Partitioning tables changes how HIVE structures the data storage. HIVE will create sub-directories to reflect the partition structure. For Example:

...

…/Emp/country=IN/state=KA

…/Emp/country=IN/state=BH

…

…/Emp/country=US/state=NC

…/Emp/country=US/state=AL

…

If the table data and the number of partitions are large then a HIVE query across all partitions it can trigger enormous MapReduce jobs.

In such case, we put the HIVE into “strict” mode by setting up the below parameter.

hive> set hive.mapred.mode=strict;

The above parameter prohibits the HIVE queries on partitioned tables to run without a WHERE clause.

SHOW PARTITION Syntax

hive> SHOW PARTITIONS EMP;

HIVE Partition – External Table Partitioning

Partitioning external table has the added advantage of sharing the data with other tools, while still optimizing the query performance.
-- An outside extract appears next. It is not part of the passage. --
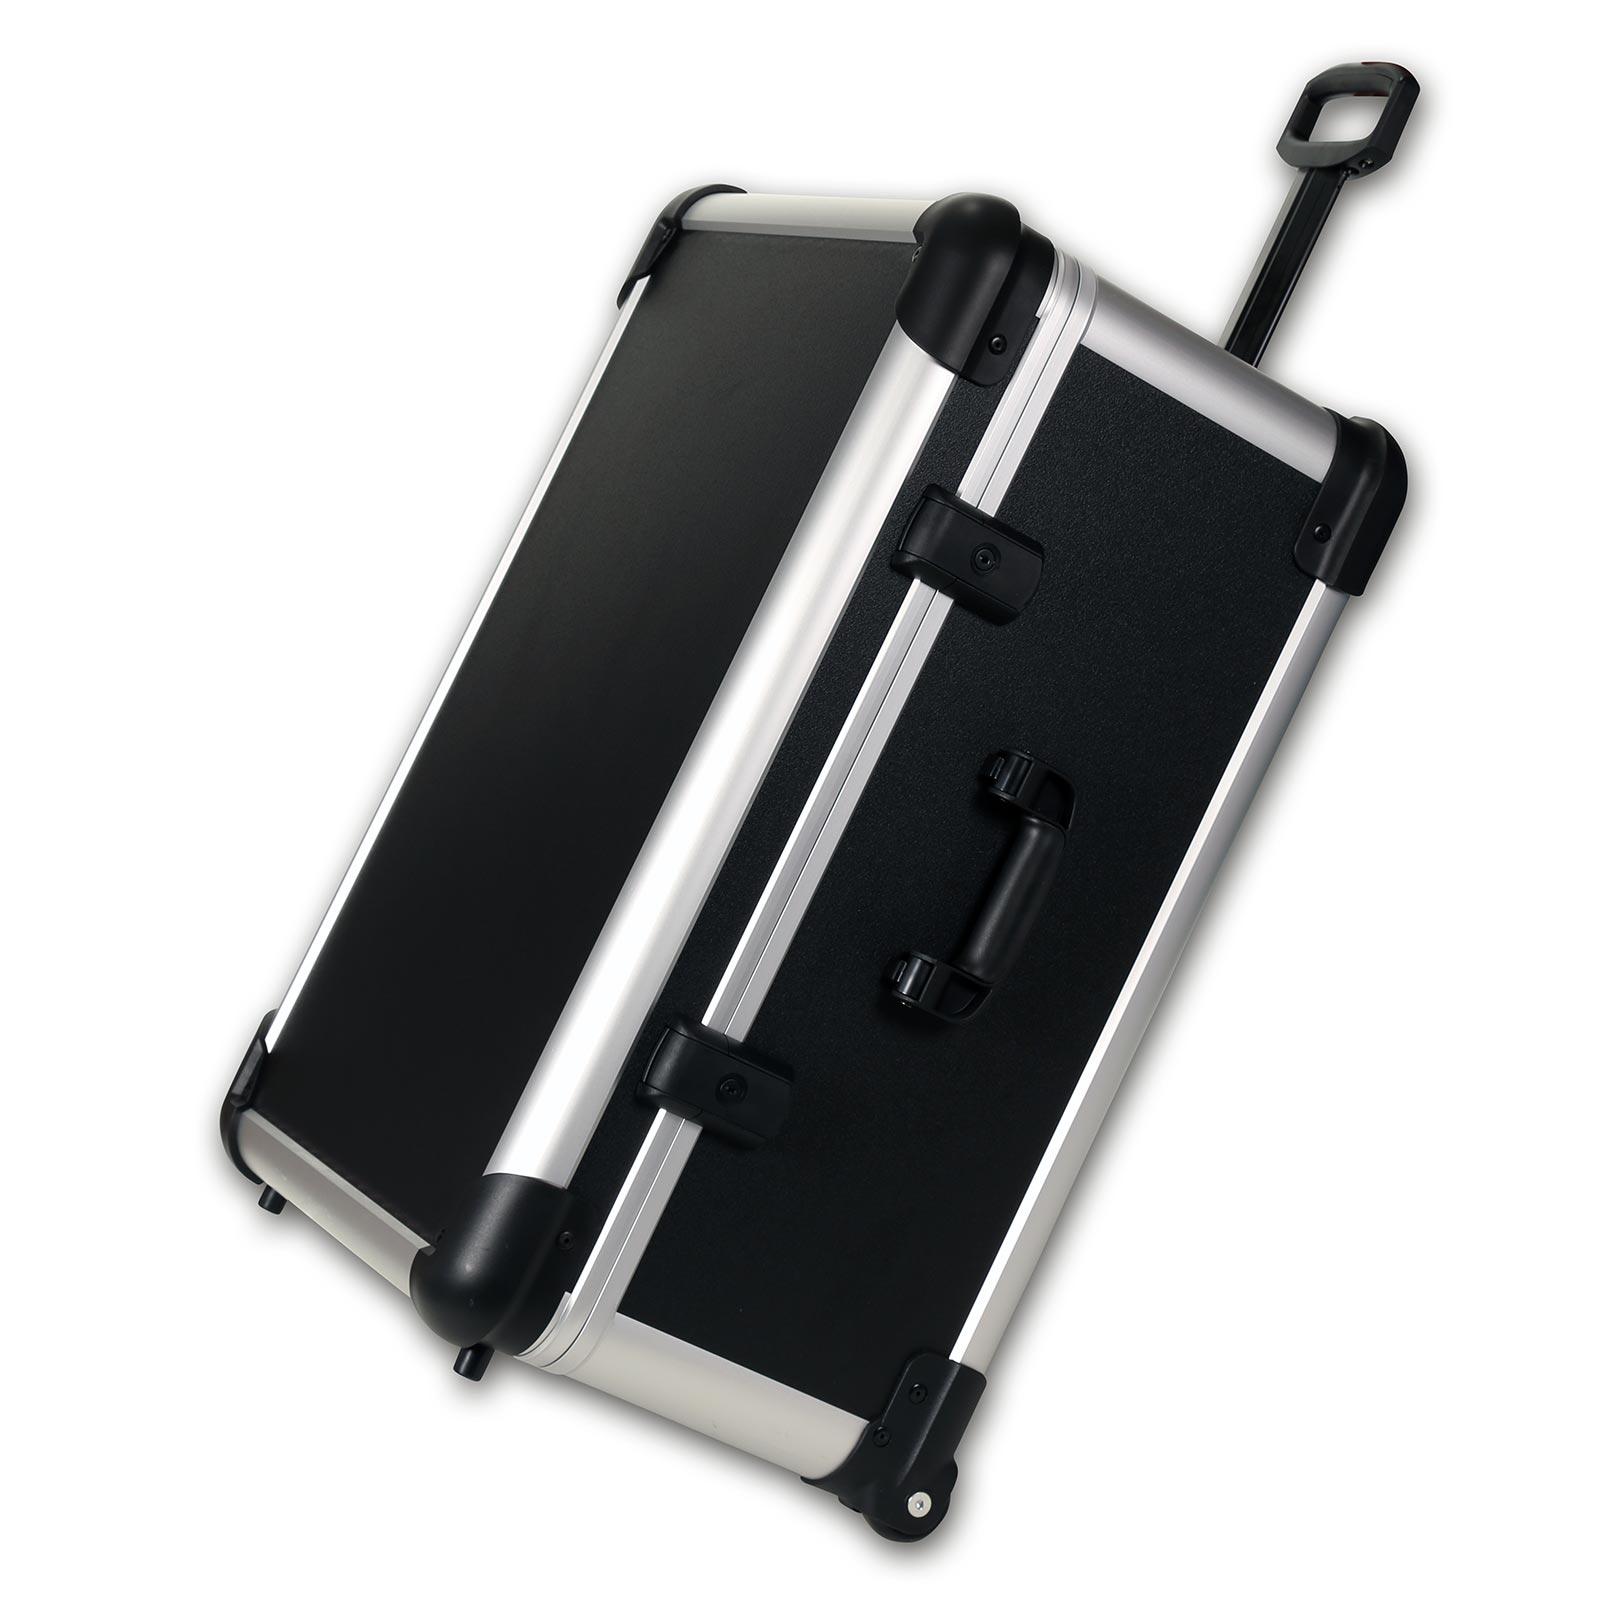 bwh Koffer CoolCase Transportkoffer L mit 4 Rollen 0 l - Schwarz 51300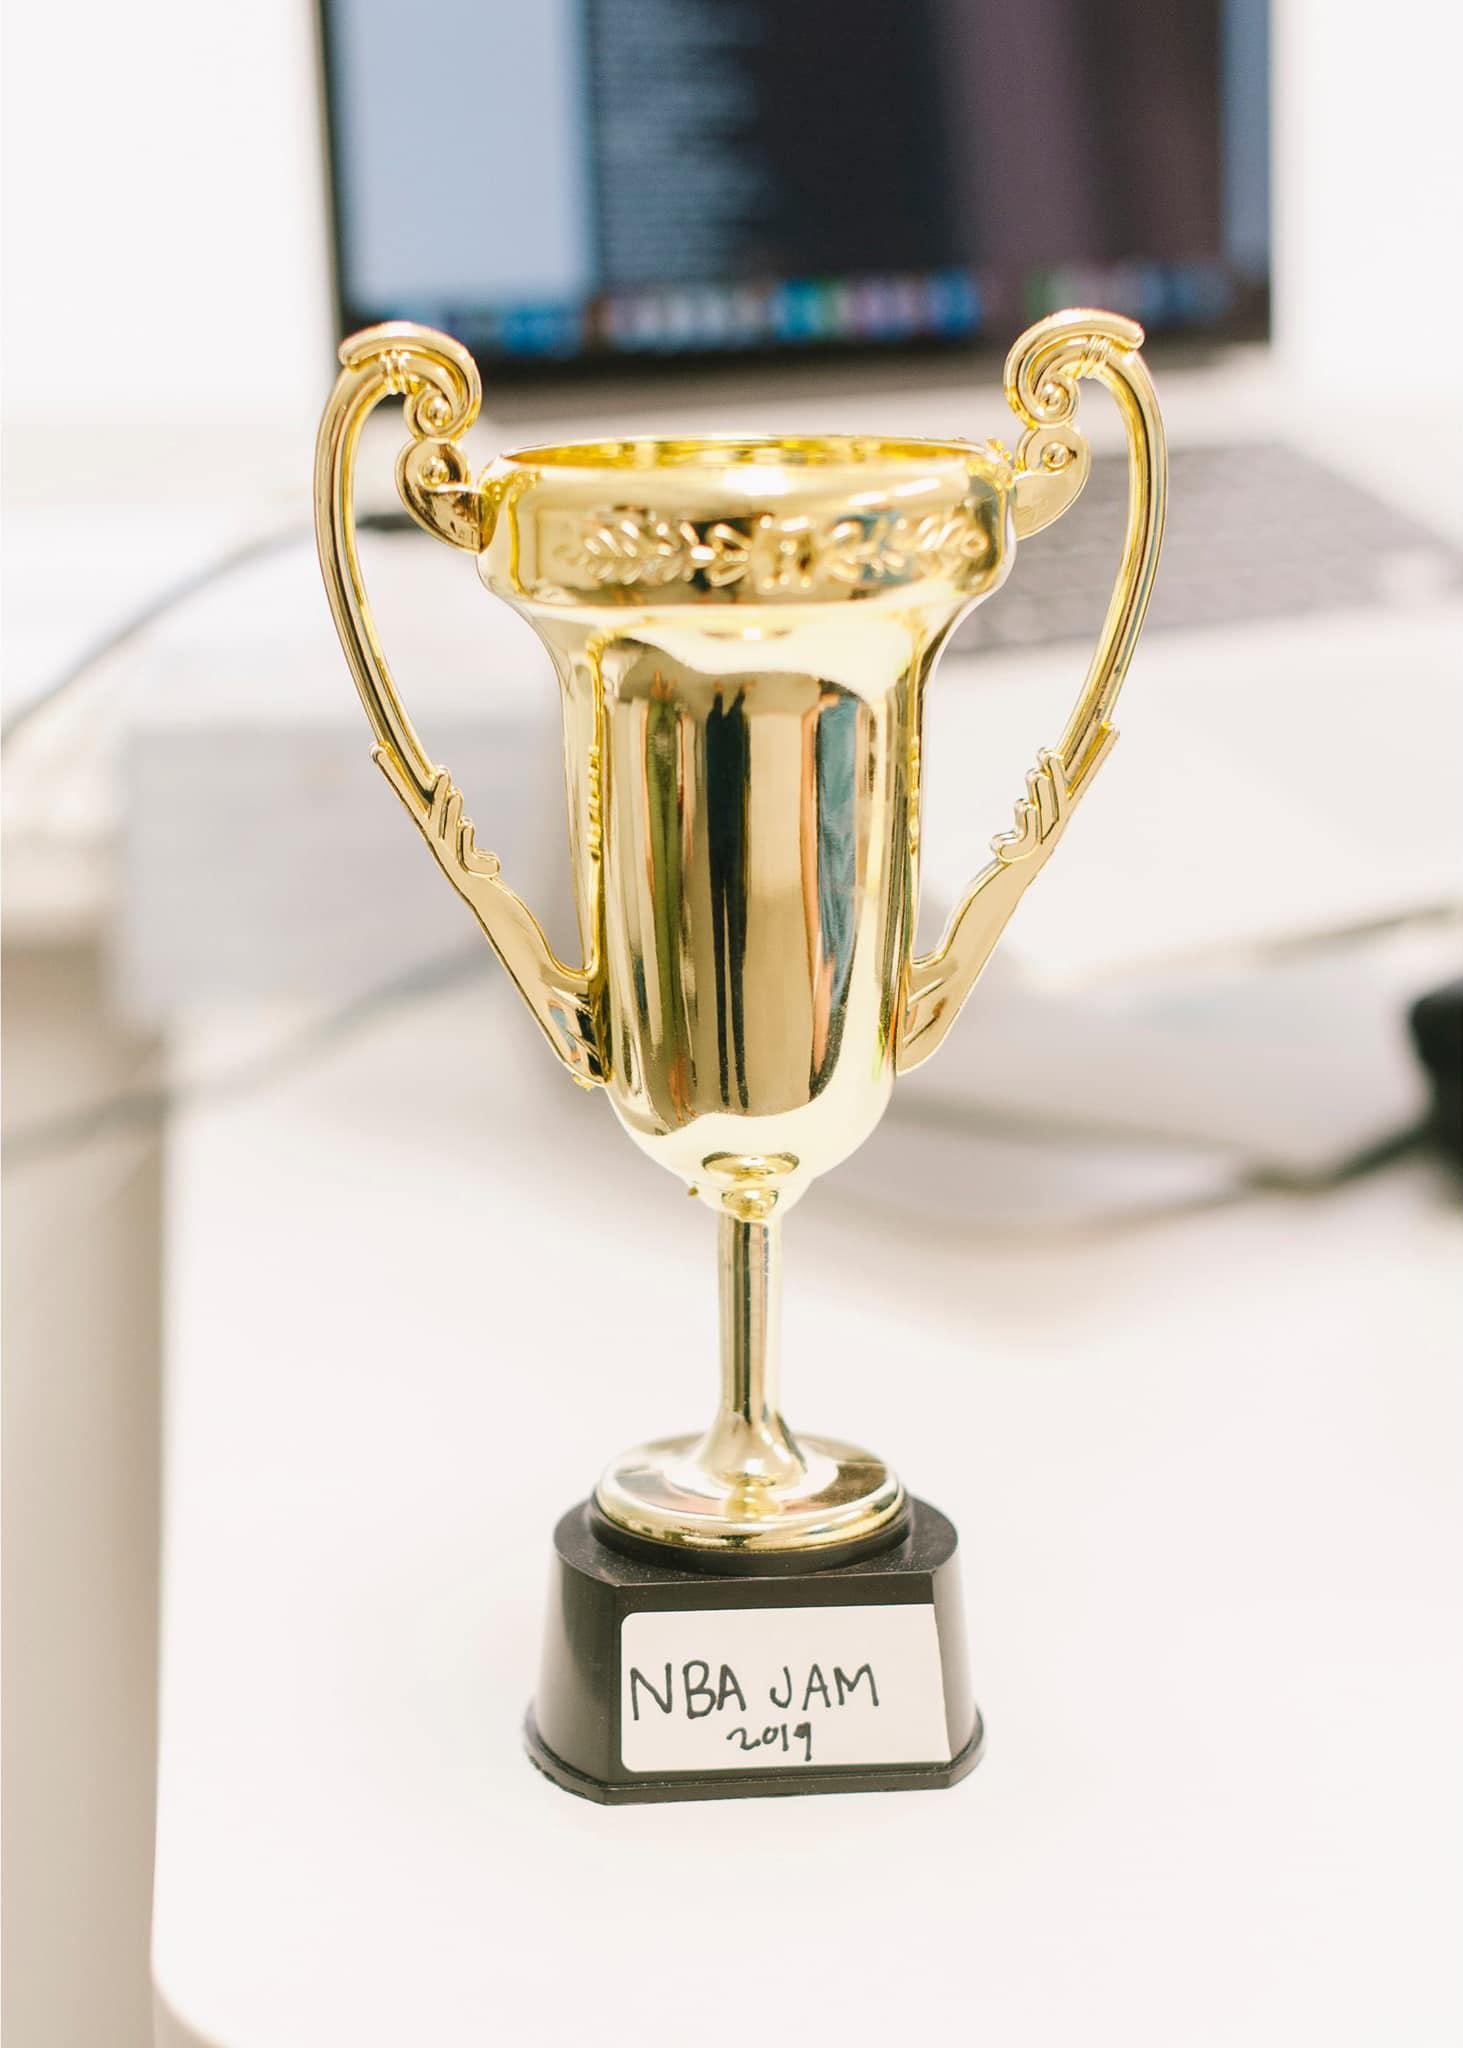 NBA Jam Trophy

CREATE EXTERNAL TABLE IF NOT EXISTS log_tracking

(
ID STRING,
SERVER STRING,
MESSAGE STRING,
)

PARTITIONED BY (YEAR INT,MONTH INT,DAY INT)
ROW FORMAT DELIMITED FIELDS TERMINATED BY '\n';

When we created a non-partitioned external table, we need the “LOCATION” as the mandatory clause.

But for the partitioned external table, the clause is not mandatory. We use ALTER table statement to add each partition separately.

ALTER TABLE log_tracking ADD PARTITION(YEAR=2016, MONTH=12, DAY=3)

LOCATION ‘hdfs://server_name/data/log_tracking/2016/12/03’;

SHOW PARTITIONS log_tracking;
…
Year=2016/month=12/day=3
…
…

Similarly, DESCRIBE EXTENDED log_tracking will show the detailed information of the partition keys.